[slurm-users] How to use Autodetect=nvml in gres.conf

Fri Feb 7 16:03:52 UTC 2020

I just checked the .deb package that I build from source and there is nothing in it that has nv or cuda in its name.

Are you sure that slurm distributes nvidia binaries?

-----Original Message-----
From: slurm-users <slurm-users-bounces at lists.schedmd.com> On Behalf Of Stephan Roth
Sent: Friday, February 7, 2020 2:23 AM
To: slurm-users at lists.schedmd.com
Subject: Re: [slurm-users] How to use Autodetect=nvml in gres.conf

On 05.02.20 21:06, Dean Schulze wrote:
 > I need to dynamically configure gpus on my nodes.  The gres.conf doc
 > says to use
 >
 > Autodetect=nvml

That's all you need in gres.conf provided you don't configure any 
Gres=... entries for your nodes in your slurm.conf.
If you do, make sure the string matches what NVML discovers, i.e. 
lowercase and underscores instead of spaces or dashes.

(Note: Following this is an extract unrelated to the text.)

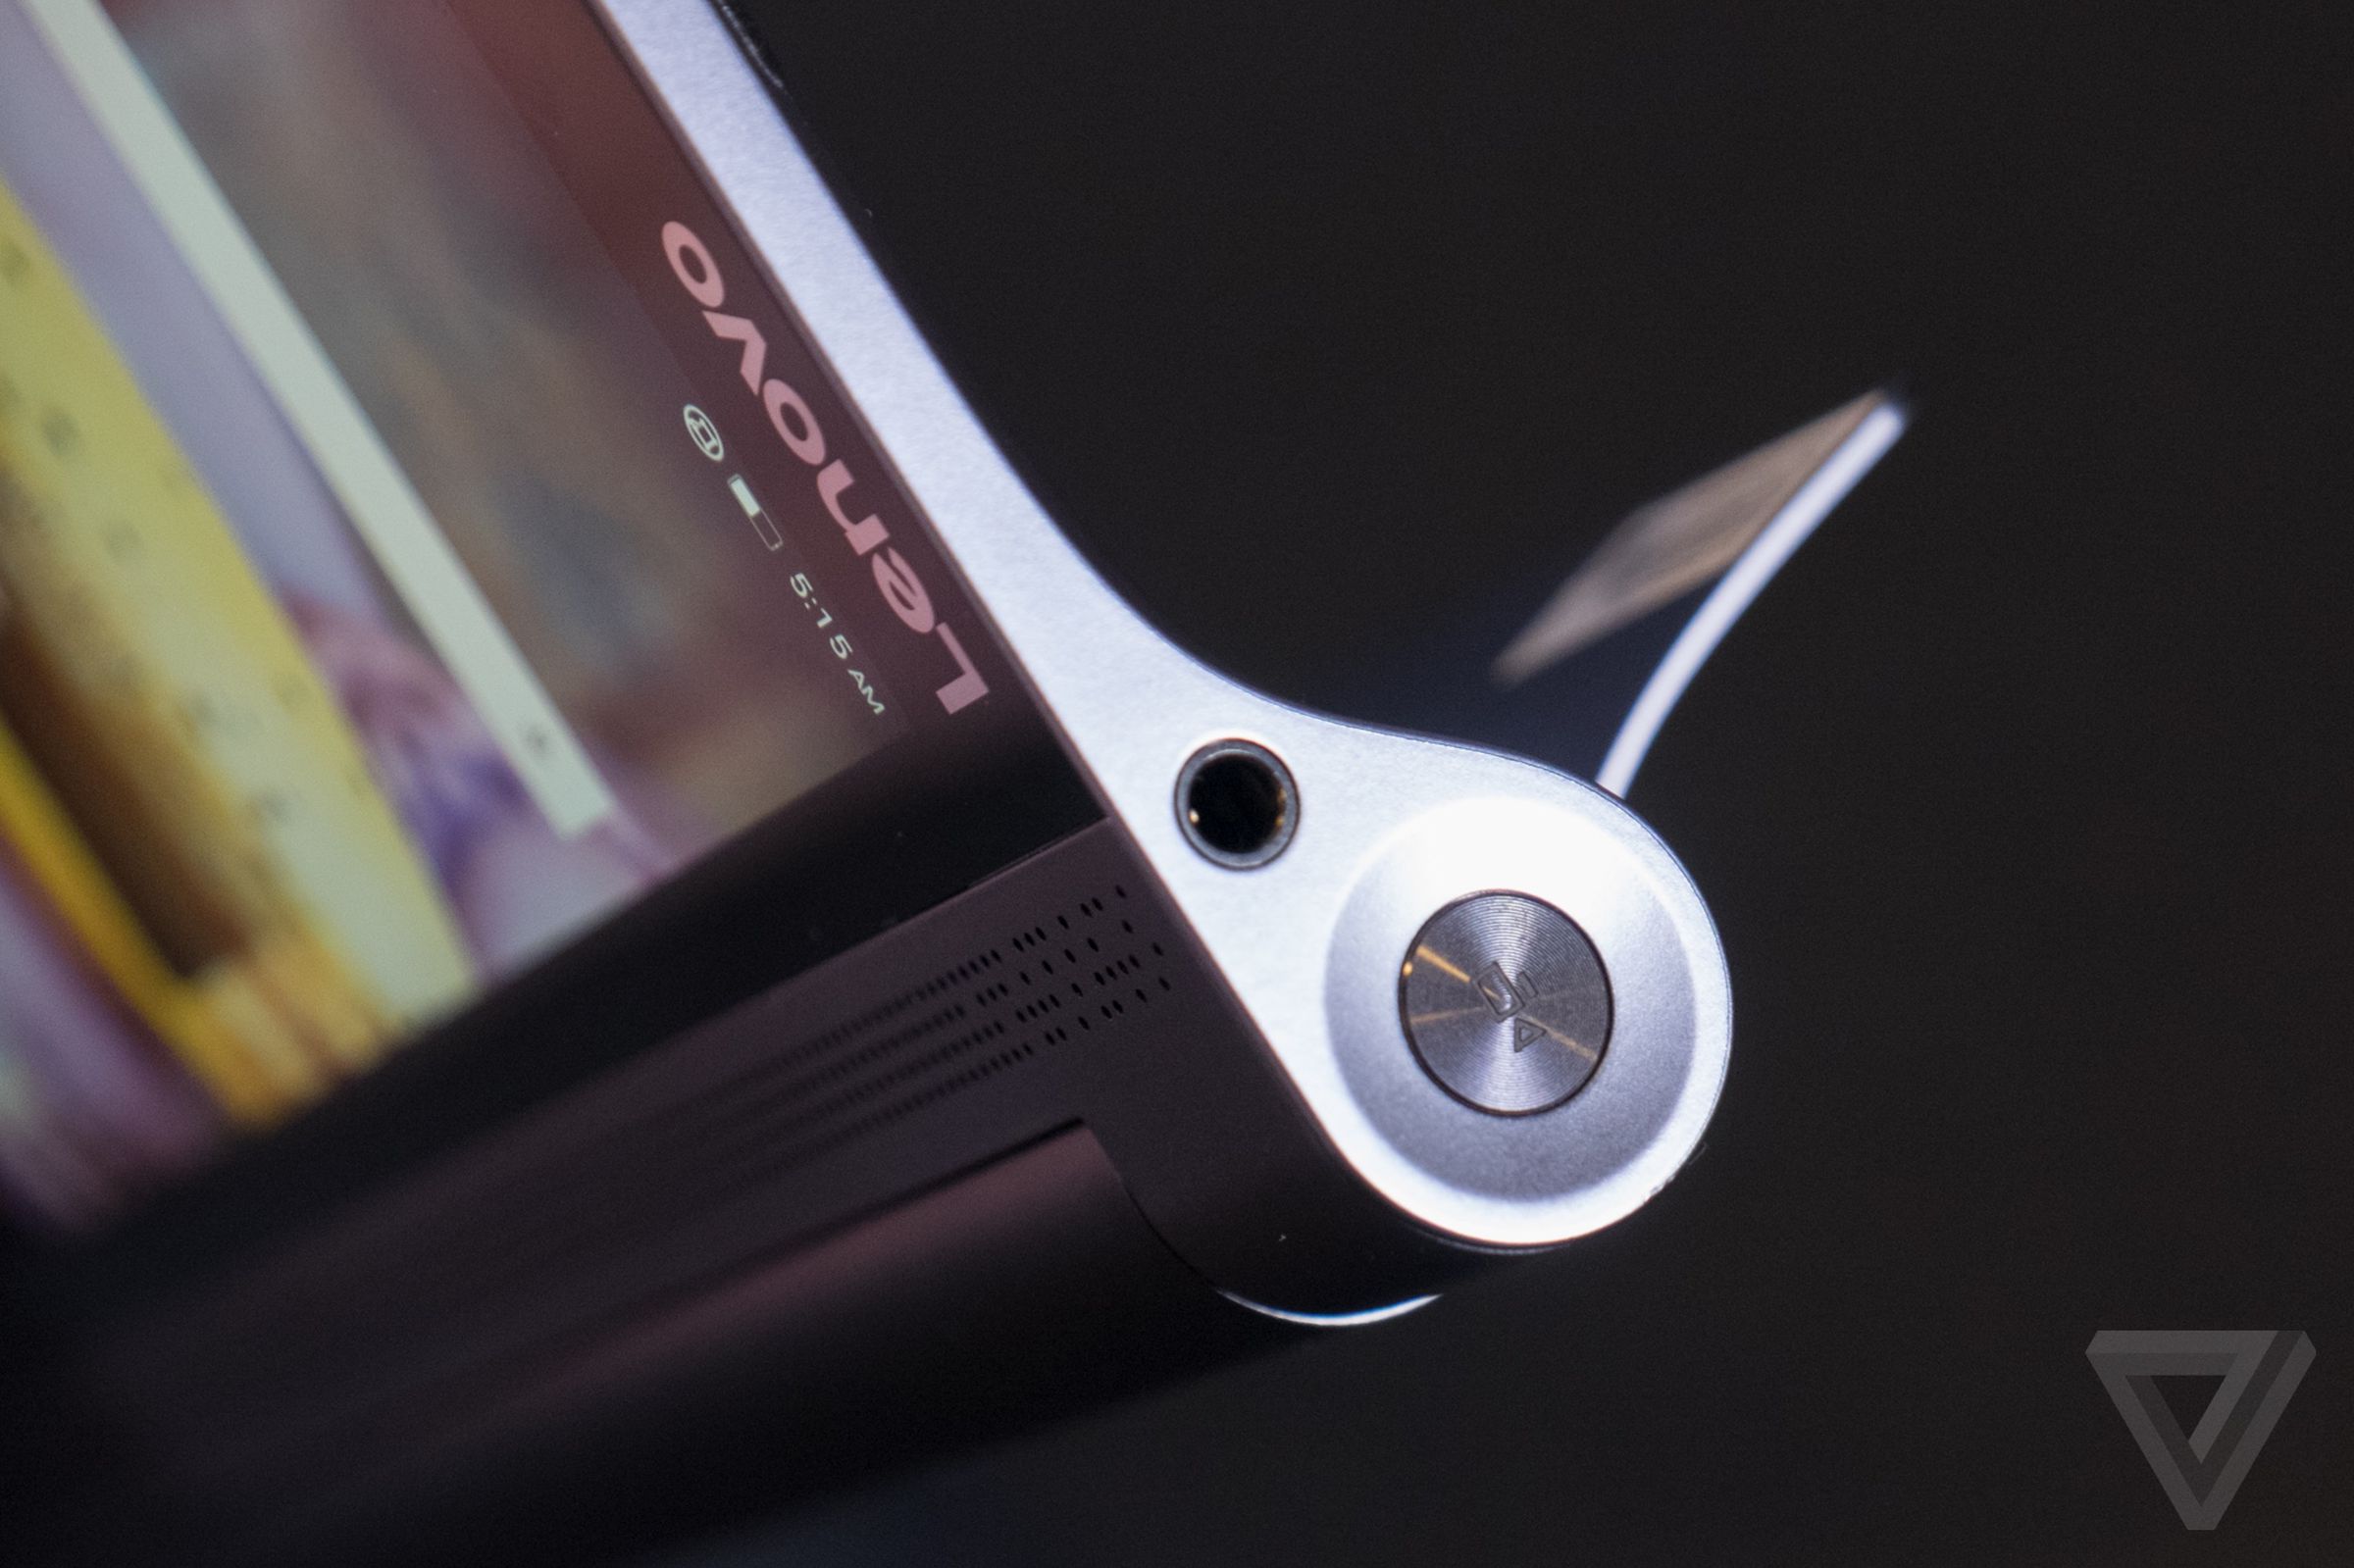 Lenovo Yoga Tab 3 and Yoga Tab 3 Pro hands-on photos

The upside of configuring everything is you will be informed in case the 
automatically detected GPUs in a node don't match what you configured.

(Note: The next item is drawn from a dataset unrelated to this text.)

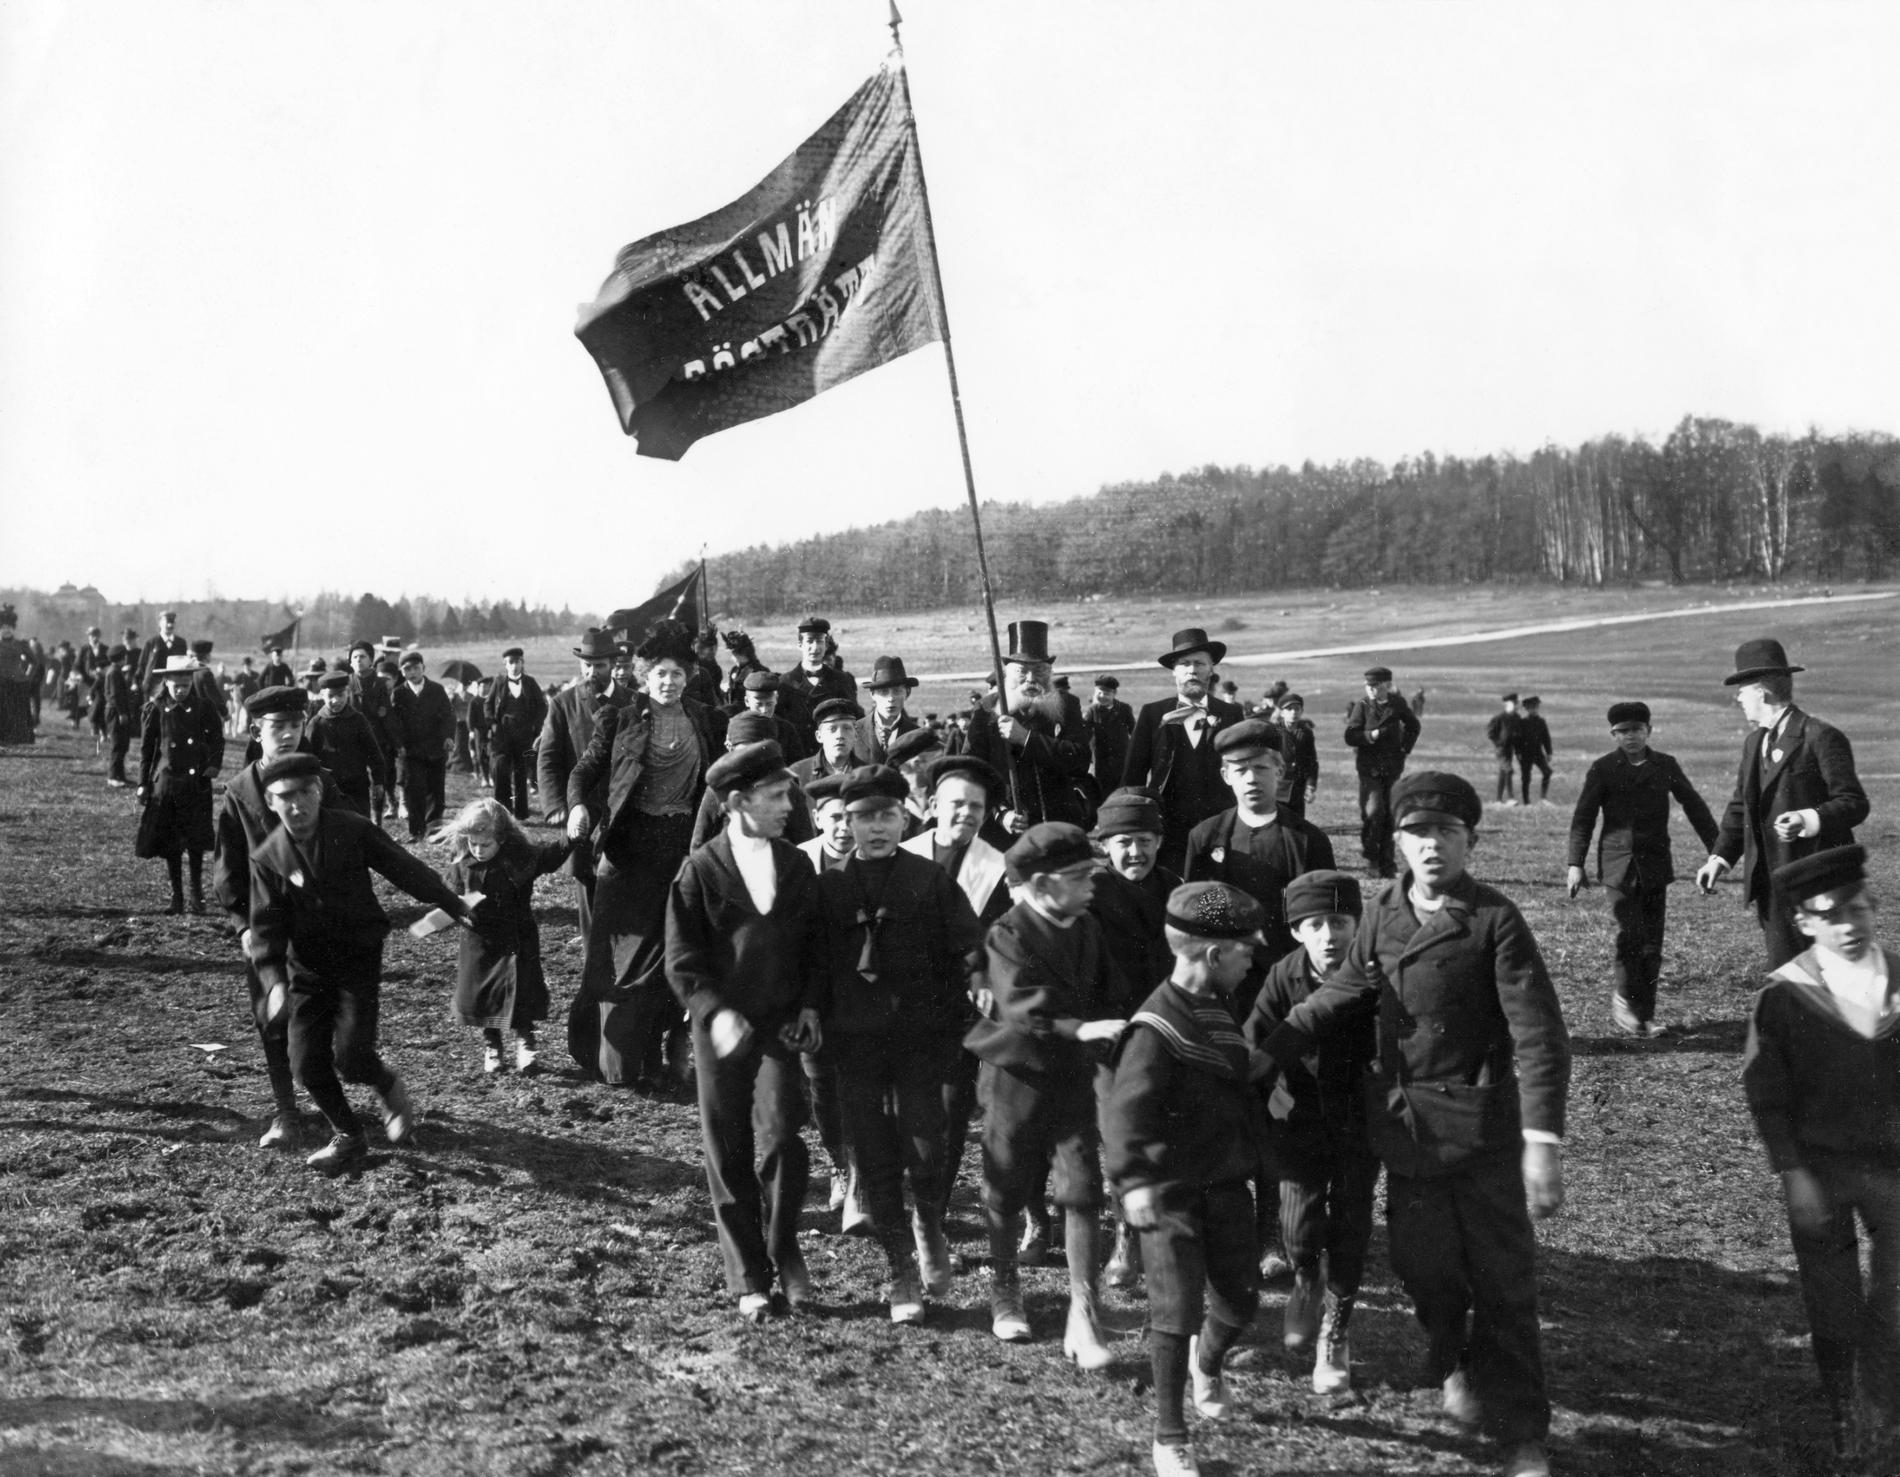 Förstamajdemonstration på Gärdet 1902 i Stockholm. Allmän rösträtt står det på fanan. Kampen för rösträtt var början på Sveriges väg mot det jämlikaste landet i modern tid, om man frågar vänstern.

 > in gres.conf instead of adding configuration details to each gpu in
 > gres.conf.  The docs aren't really clear about this because they show an
 > example with the details for each gpu:
 >
 > AutoDetect=nvml
 > Name=gpu Type=gp100  File=/dev/nvidia0 Cores=0,1
 > Name=gpu Type=gp100  File=/dev/nvidia1 Cores=0,1
 > Name=gpu Type=p6000  File=/dev/nvidia2 Cores=2,3
 > Name=gpu Type=p6000  File=/dev/nvidia3 Cores=2,3
 > Name=mps Count=200  File=/dev/nvidia0
 > Name=mps Count=200  File=/dev/nvidia1
 > Name=mps Count=100  File=/dev/nvidia2
 > Name=mps Count=100  File=/dev/nvidia3
 > Name=bandwidth Type=lustre Count=4G
 >
 > First Question:  If I use Autodetect=nvml do I also need to specify
 > File= and Cores= for each gpu in gres.conf?  I'm hoping that with
 > Autodetect=nvml that all I need is the Name= and Type= for each gpu.
 > Otherwise it's not clear what the purpose of setting Autodetect=nvml
 > would be.
 >
 > Second Question:  I installed the CUDA tools from the binary
 > cuda_10.2.89_440.33.01_linux.run.  When I restart slurmd with
 > Autodetect=nvml in gres.conf I get this error:
 >
 > fatal: We were configured to autodetect nvml functionality, but we
 > weren't able to find that lib when Slurm was configured.
 >
 > Is there something else I need to configure to tell slurmd how to use 
nvml?

I guess the version of slurm you're using was linked against a version 
of NVML which has been overwritten by your installation of Cuda 10.2

If that's the case there are various ways to solve that problem, but 
that depends on your reason to install Cuda 10.2.

My recommendation is to use the Cuda version of your system matching 
your system's slurm package and to install Cuda 10.2 in a non-default 
location, provided you need to make it available on a cluster node.

If people using your cluster ask for Cuda 10.2 they have the option of 
using a virtual conda environment and install Cuda 10.2 there.

Cheers,
Stephan